Your goal →
In the material below, begin at the line that has "red nike tights womens", stop after the line that has "Scandinavian Modern Paavo", and transcribe those lines exactly, without pictures.
[[ Stored data, beginning ]]
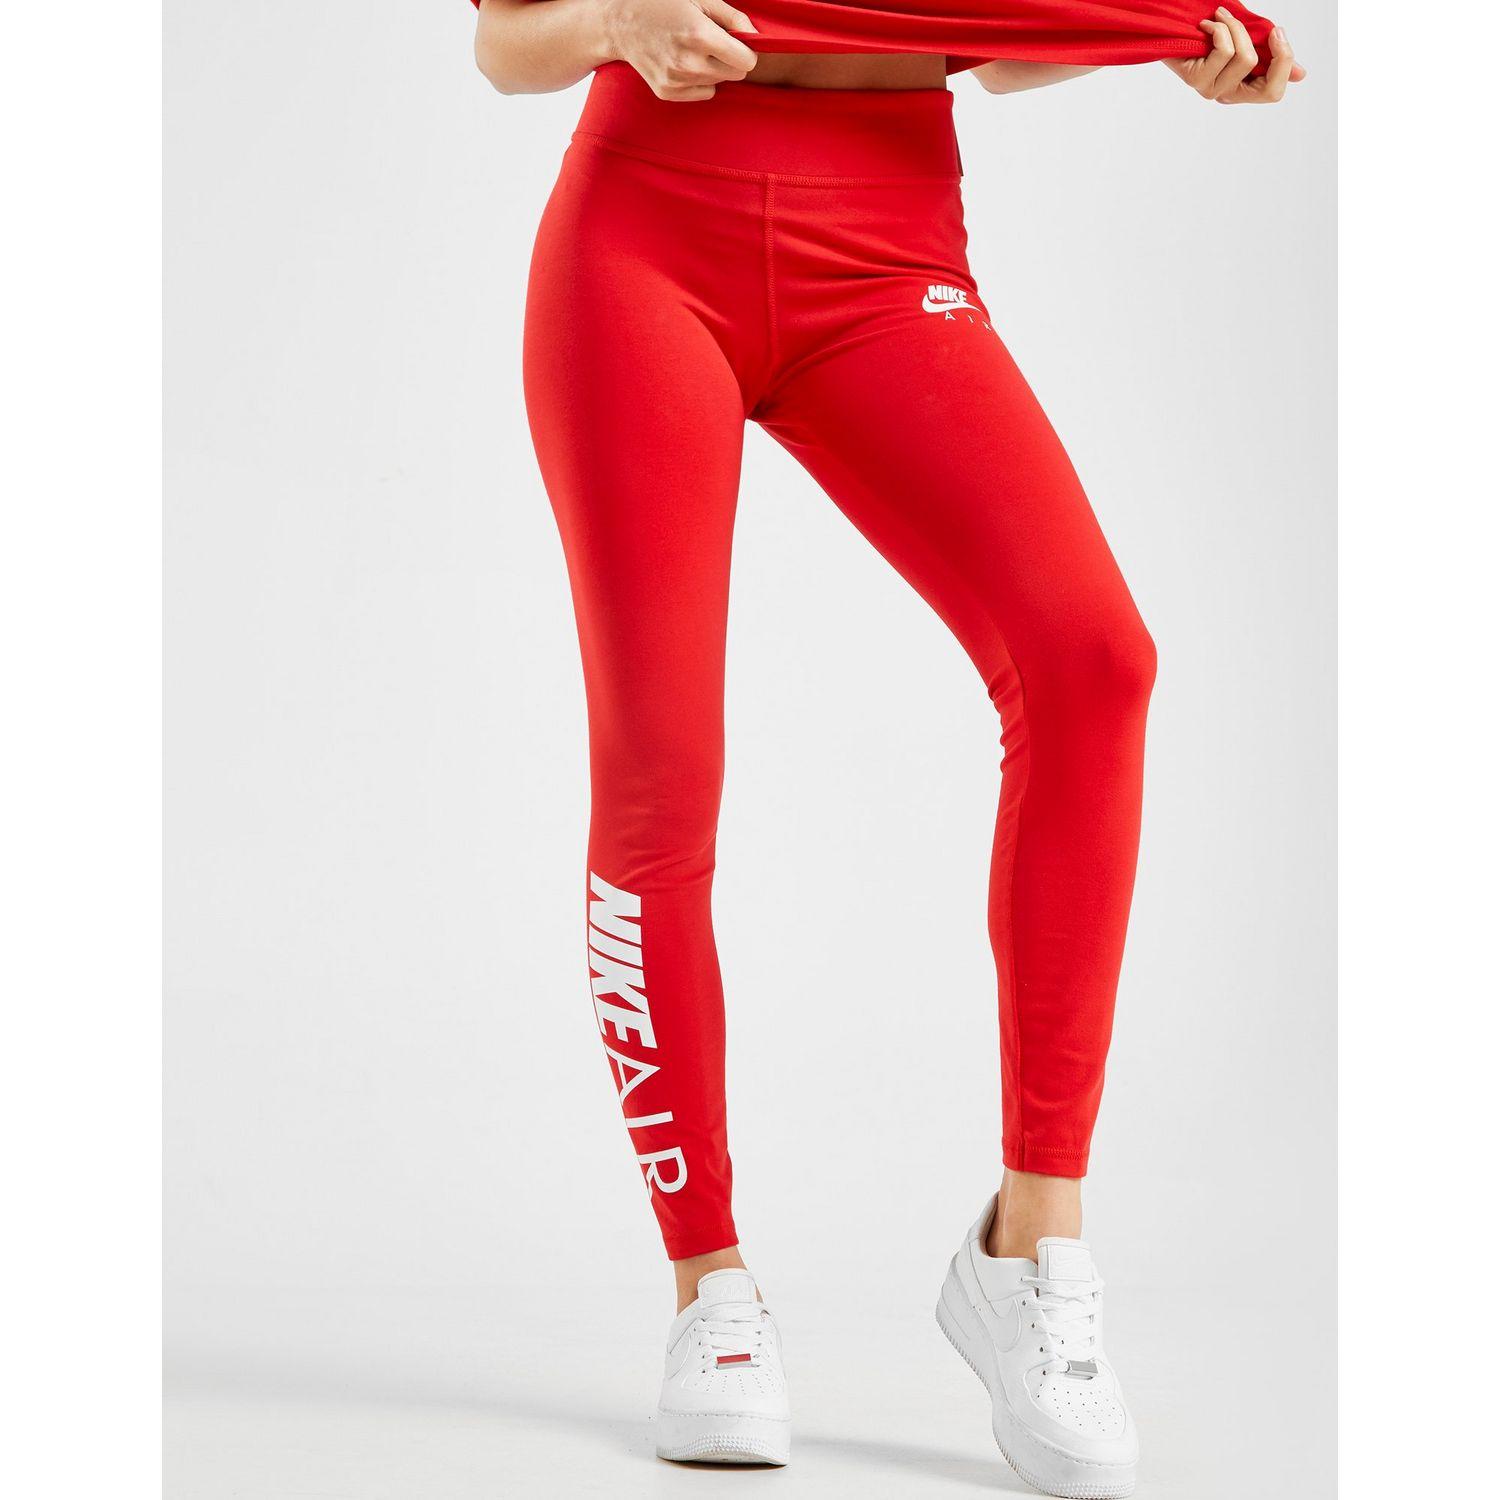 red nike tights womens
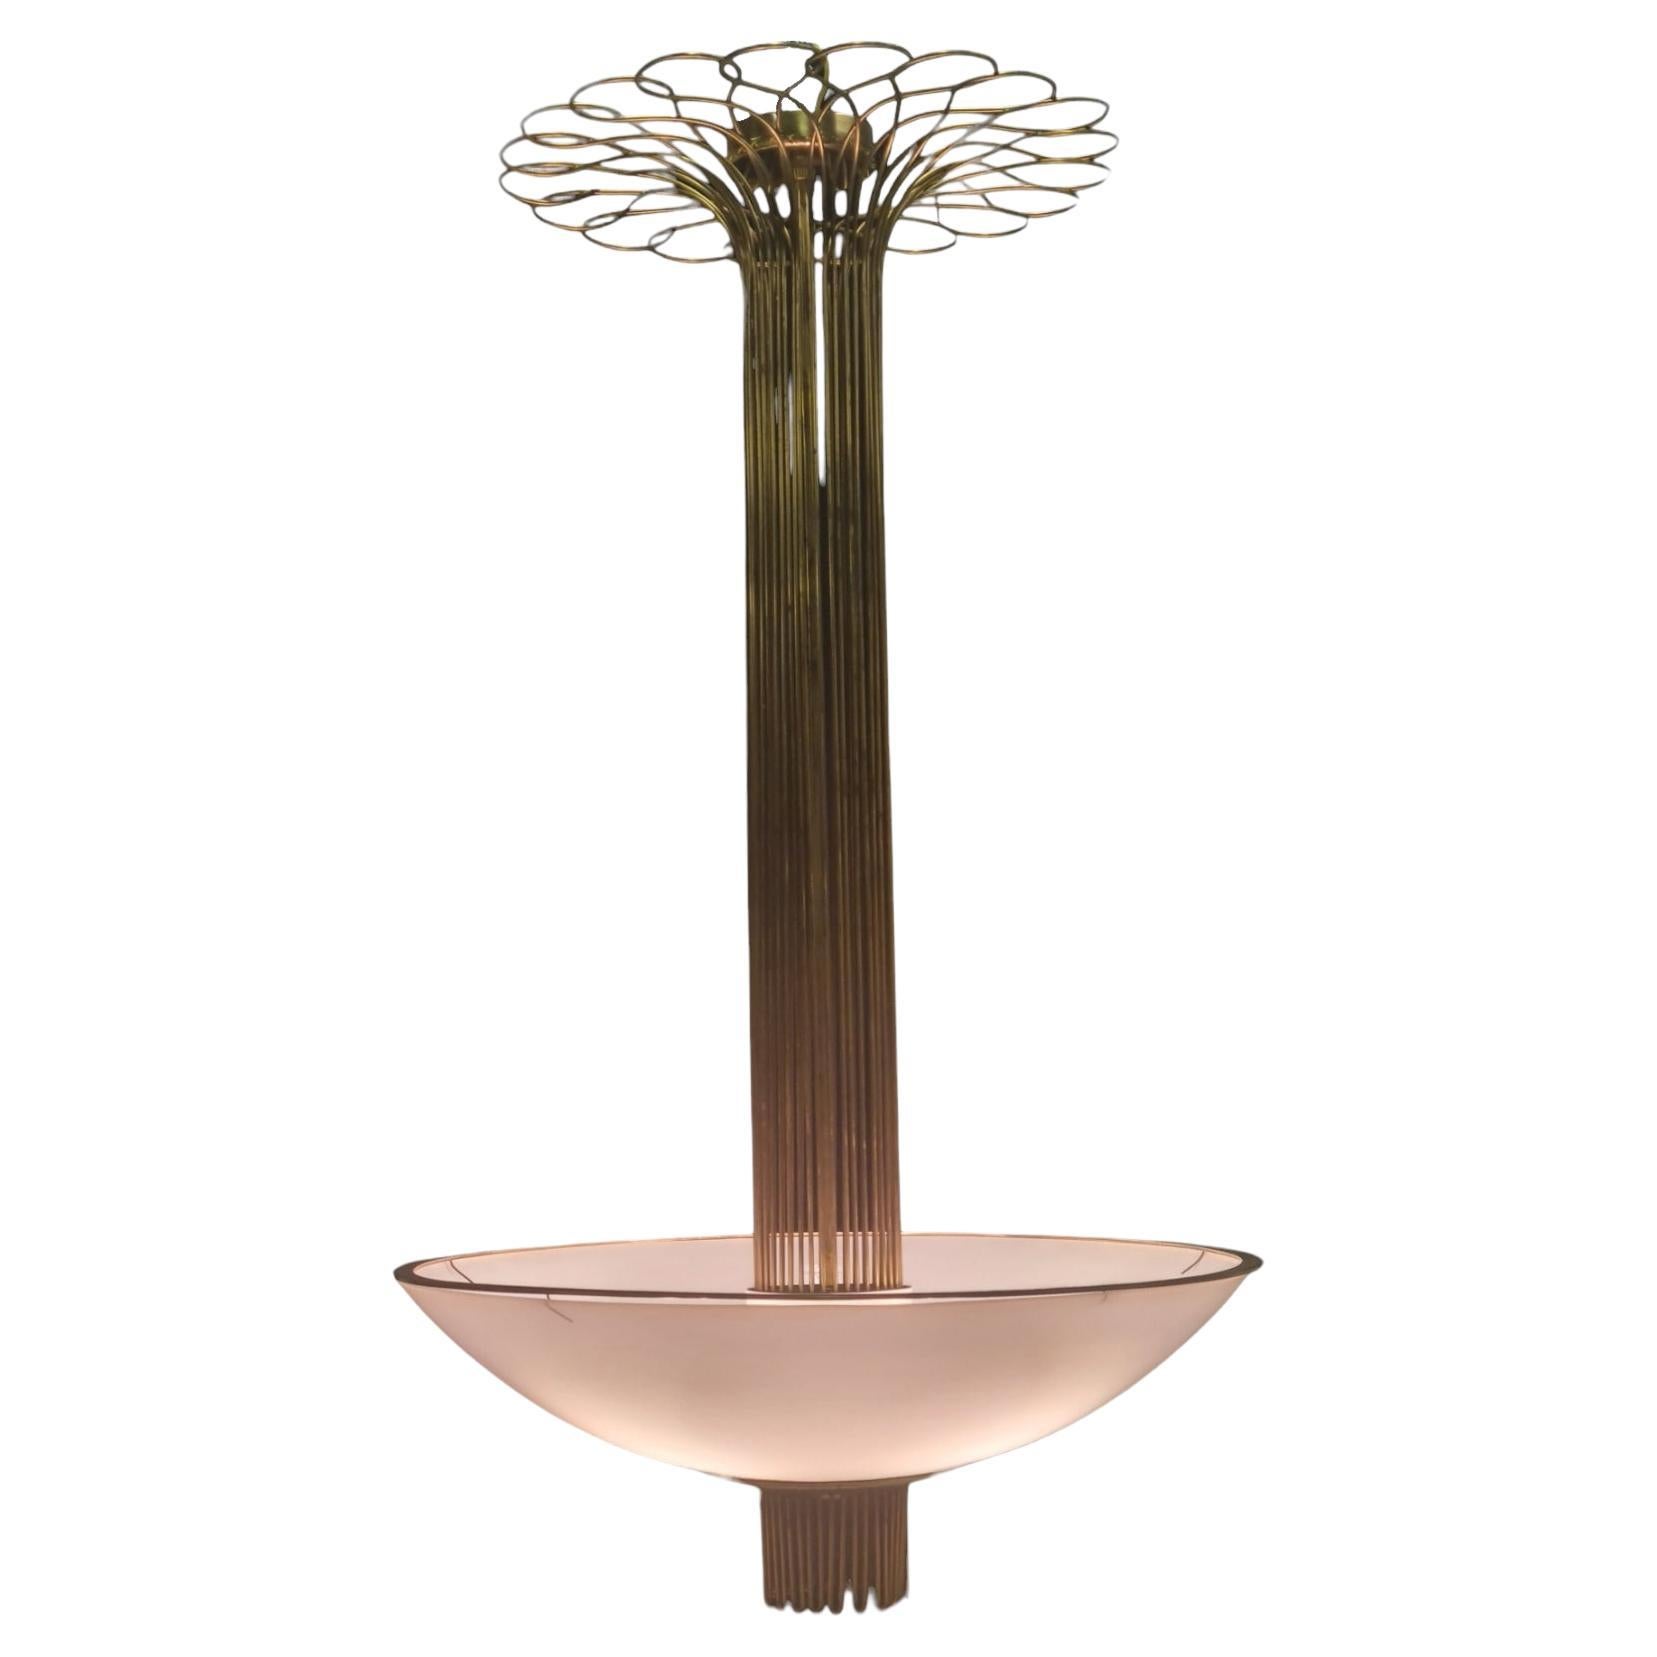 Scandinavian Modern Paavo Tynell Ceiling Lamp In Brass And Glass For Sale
[[ Stored data, end ]]
[[ Stored data, beginning ]]
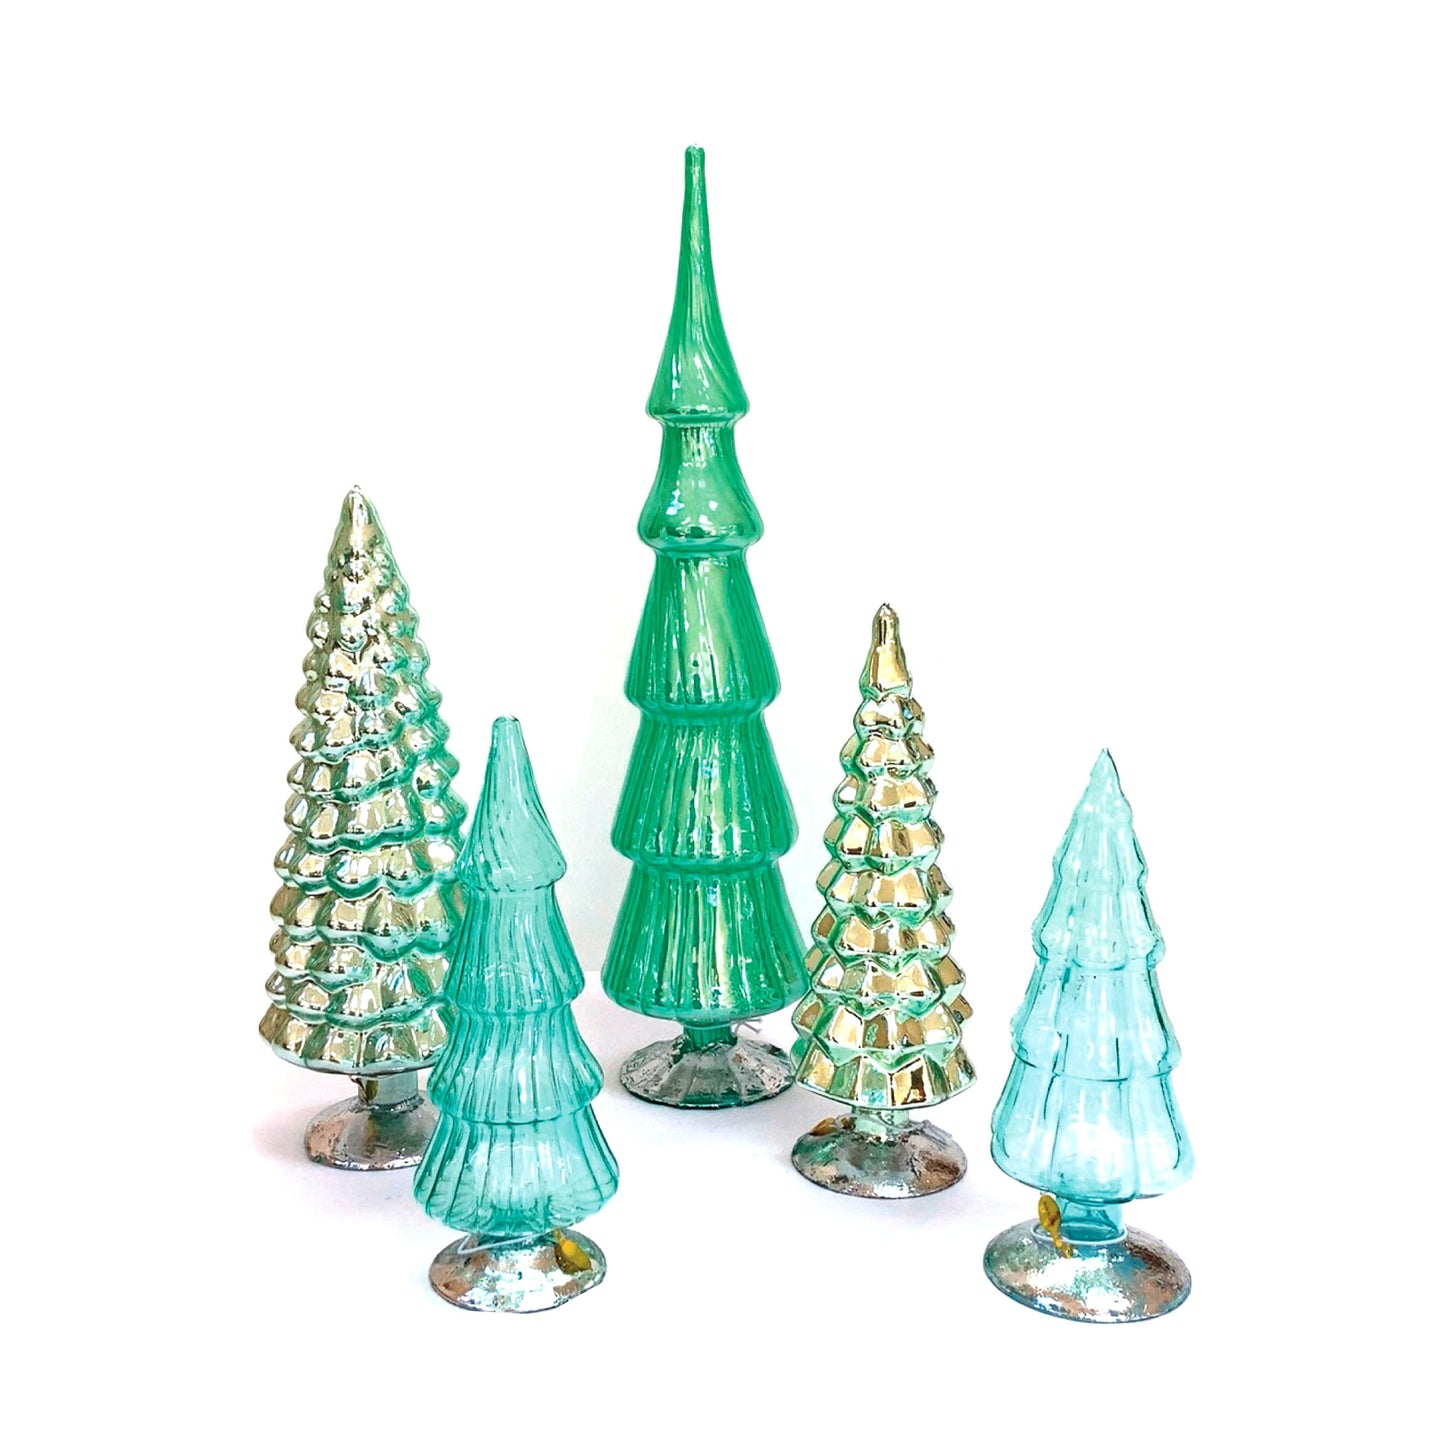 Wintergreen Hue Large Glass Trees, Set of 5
[[ Stored data, end ]]
Reply →
 red nike tights womens
 Scandinavian Modern Paavo Tynell Ceiling Lamp In Brass And Glass For Sale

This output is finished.